━━━ DATASET RECORDS ━━━

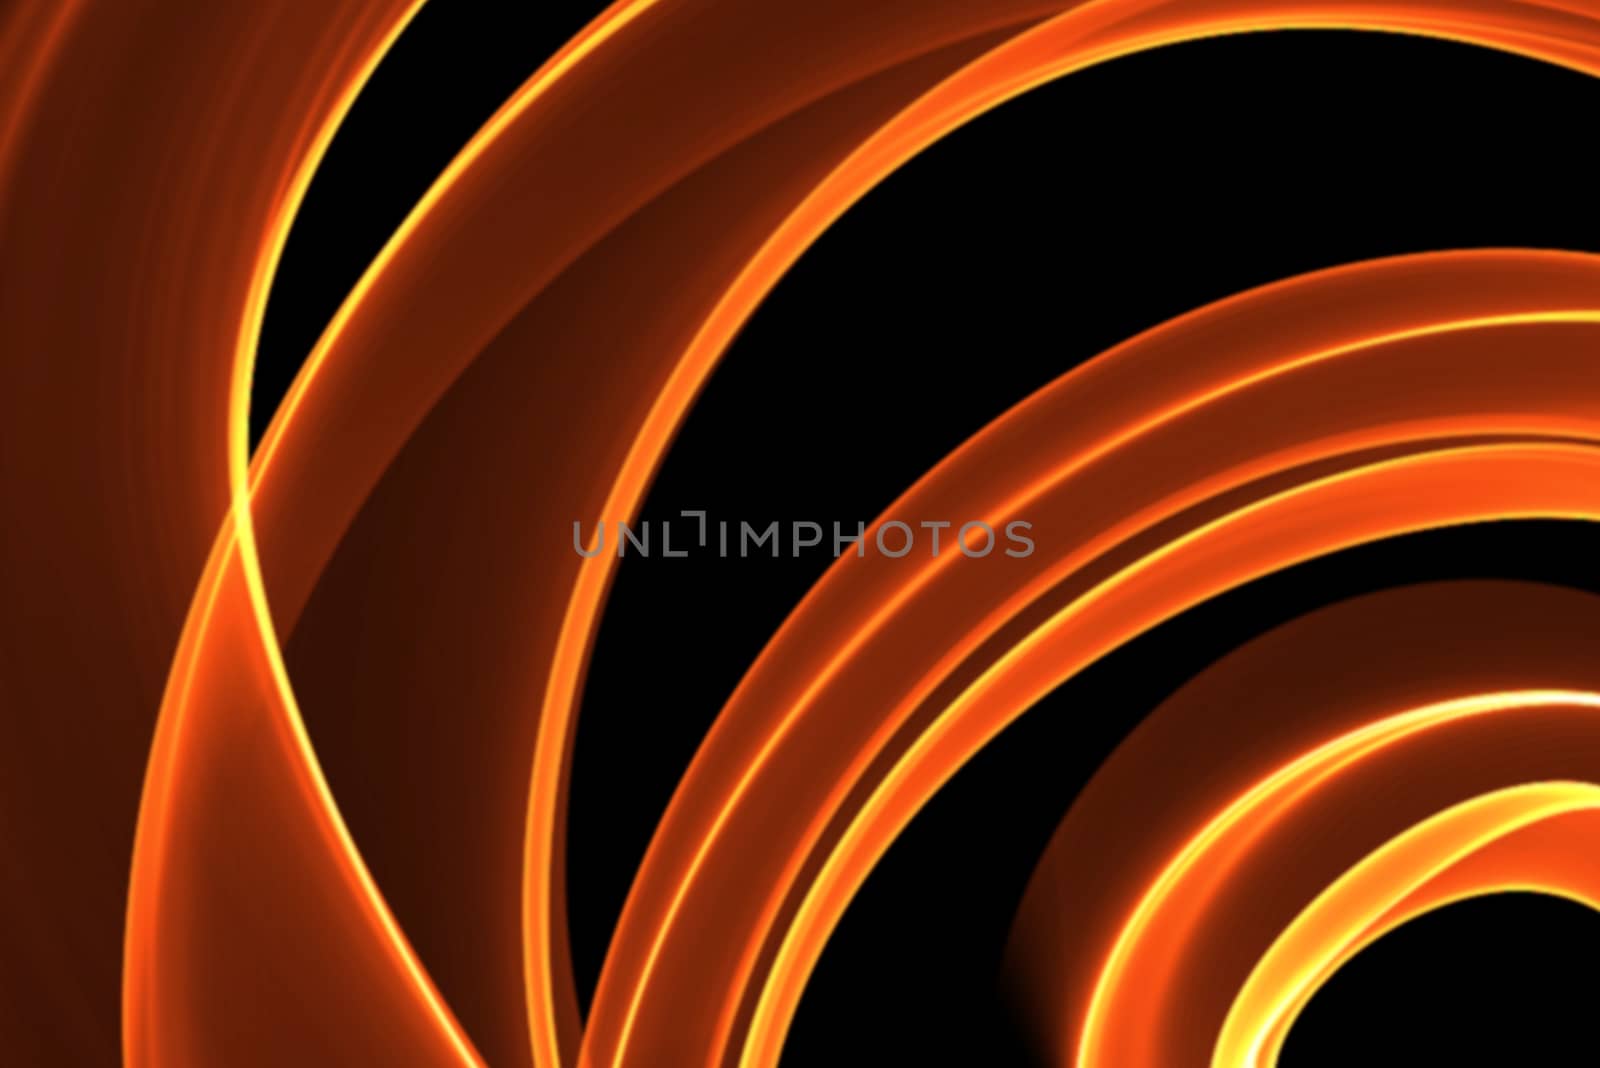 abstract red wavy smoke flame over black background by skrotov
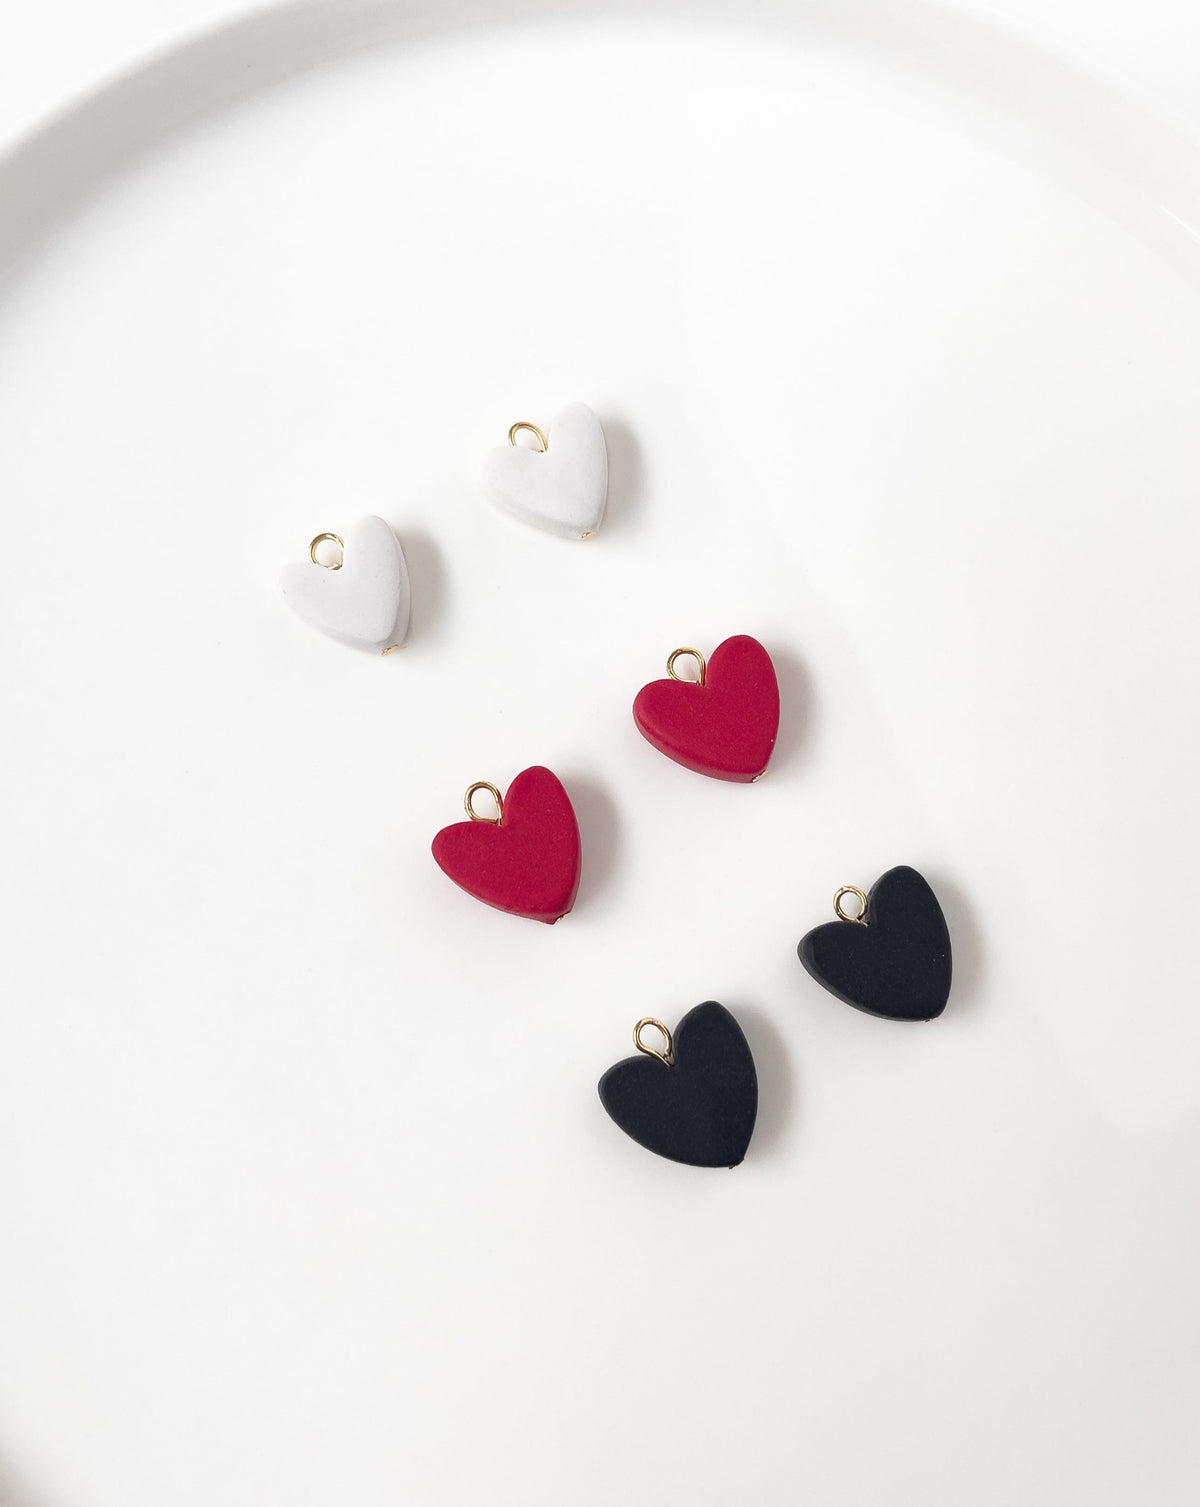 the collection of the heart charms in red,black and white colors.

━━━
━━━ DATASET RECORDS ━━━

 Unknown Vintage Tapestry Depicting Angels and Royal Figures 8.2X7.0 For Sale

━━━

• **WORK TO BE COMPLETED**:
Could you write out exactly the lines of the data above that run from the one holding "abstract red wavy" to the one holding "the collection of", with both ends in and all pictures out?

• **RESPONSE**:
 abstract red wavy smoke flame over black background by skrotov
 the collection of the heart charms in red,black and white colors.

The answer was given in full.